• **SUPPLIED MATERIAL**:
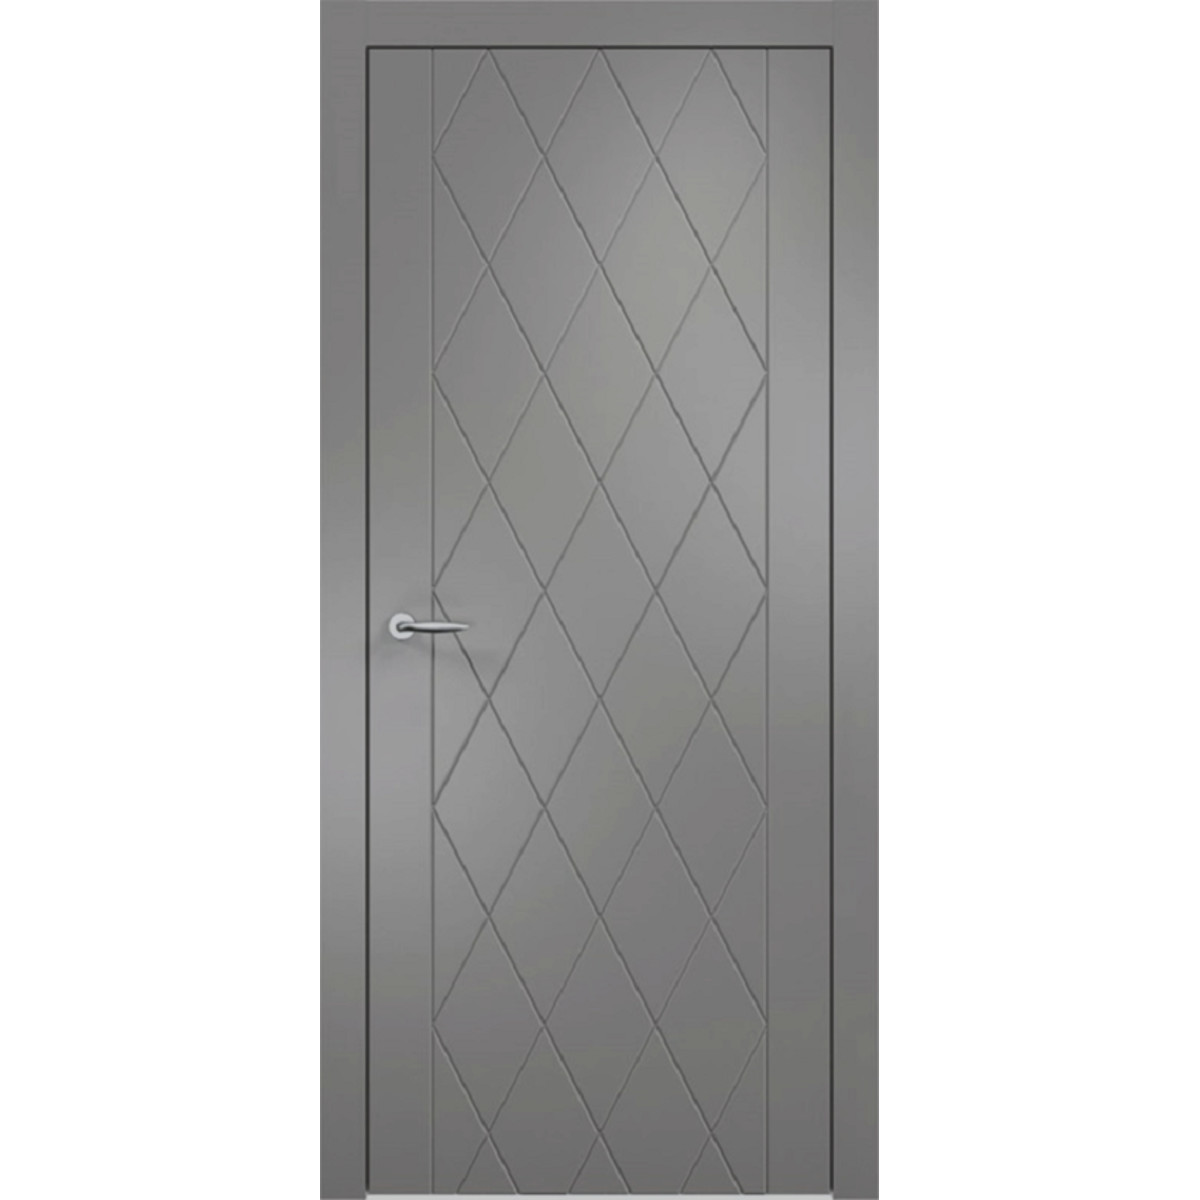 Дверное полотно Loyard Севилья МП_0398 2000х800х44 мм МДФ
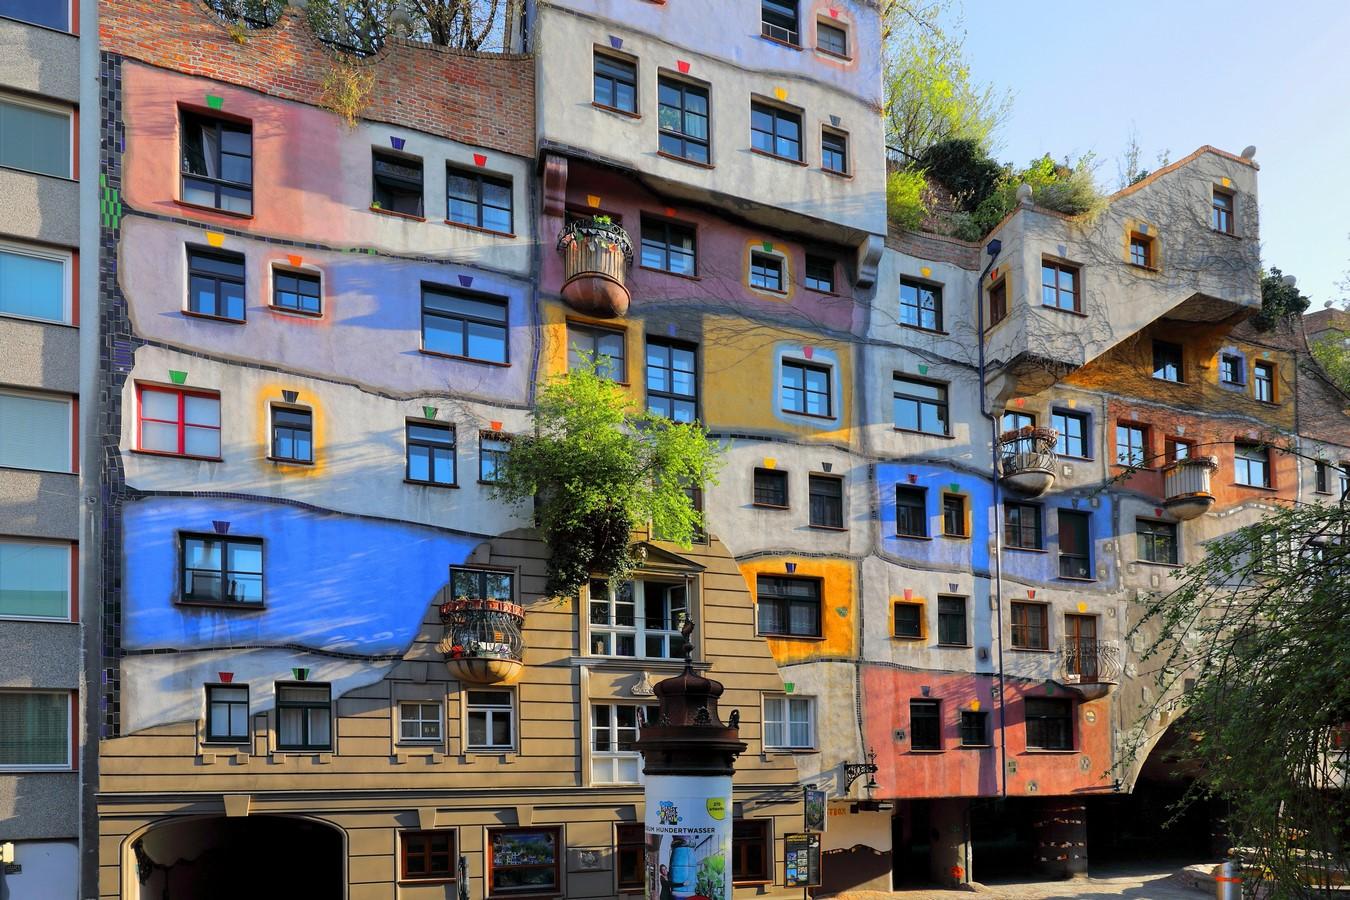 Hundertwasserhaus, Kegelgasse 36-38, 1030 Wien, Austria- Sheet2
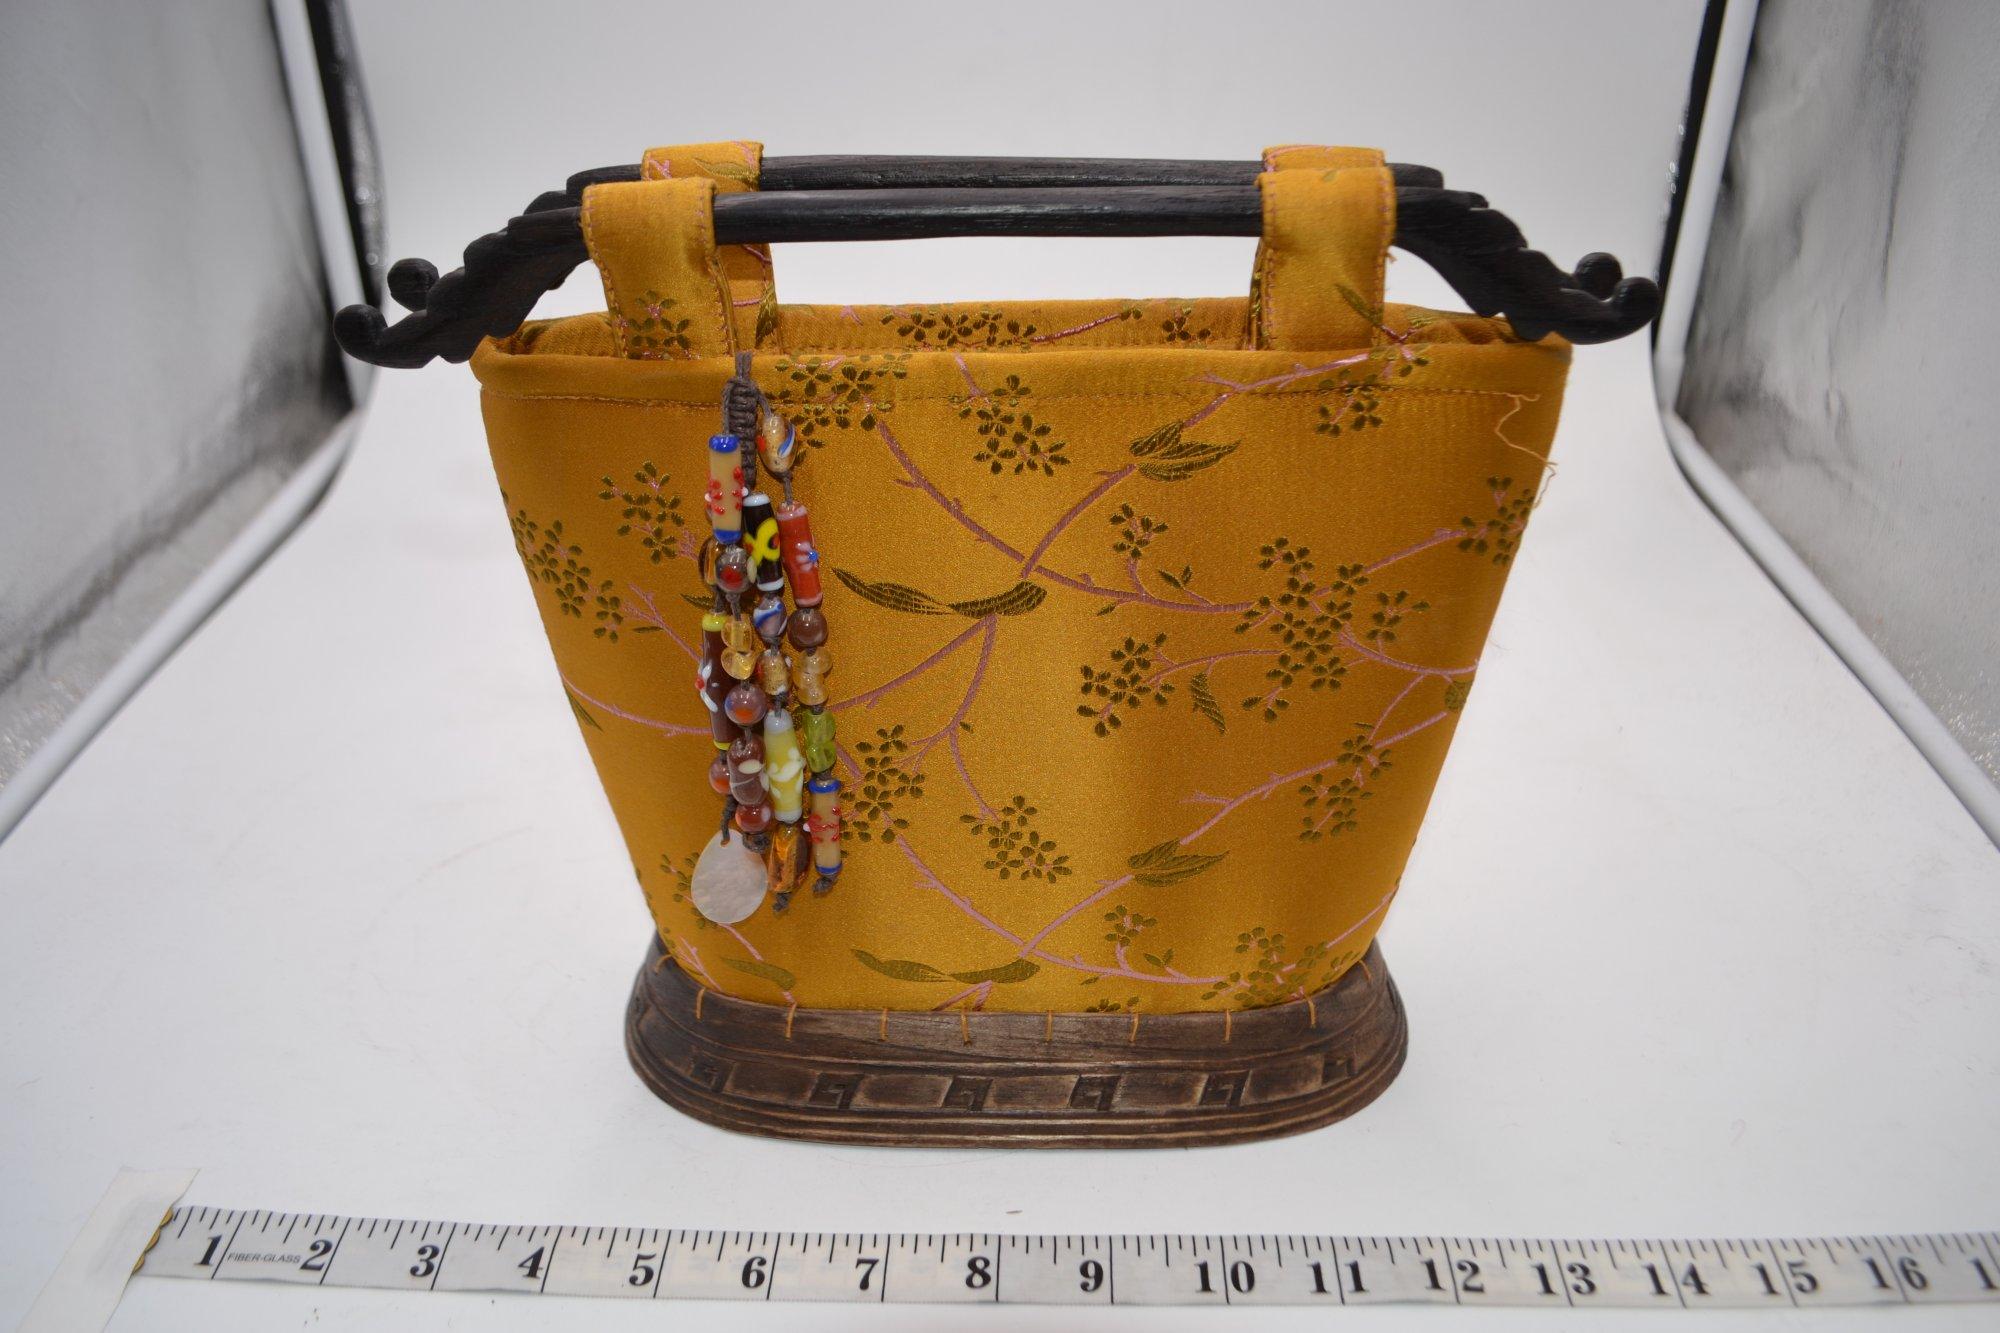 20th Century Chinese Handbag - PXY

• **ACTION ITEM**: Reproduce exactly the lines from the one with "Hundertwasserhaus, Kegelgasse 36-38, 1030" to the bottom of the listing, both ends included, and nothing else. Skip the pictures.

• **WRITTEN SOLUTION**:
 Hundertwasserhaus, Kegelgasse 36-38, 1030 Wien, Austria- Sheet2
 20th Century Chinese Handbag - PXY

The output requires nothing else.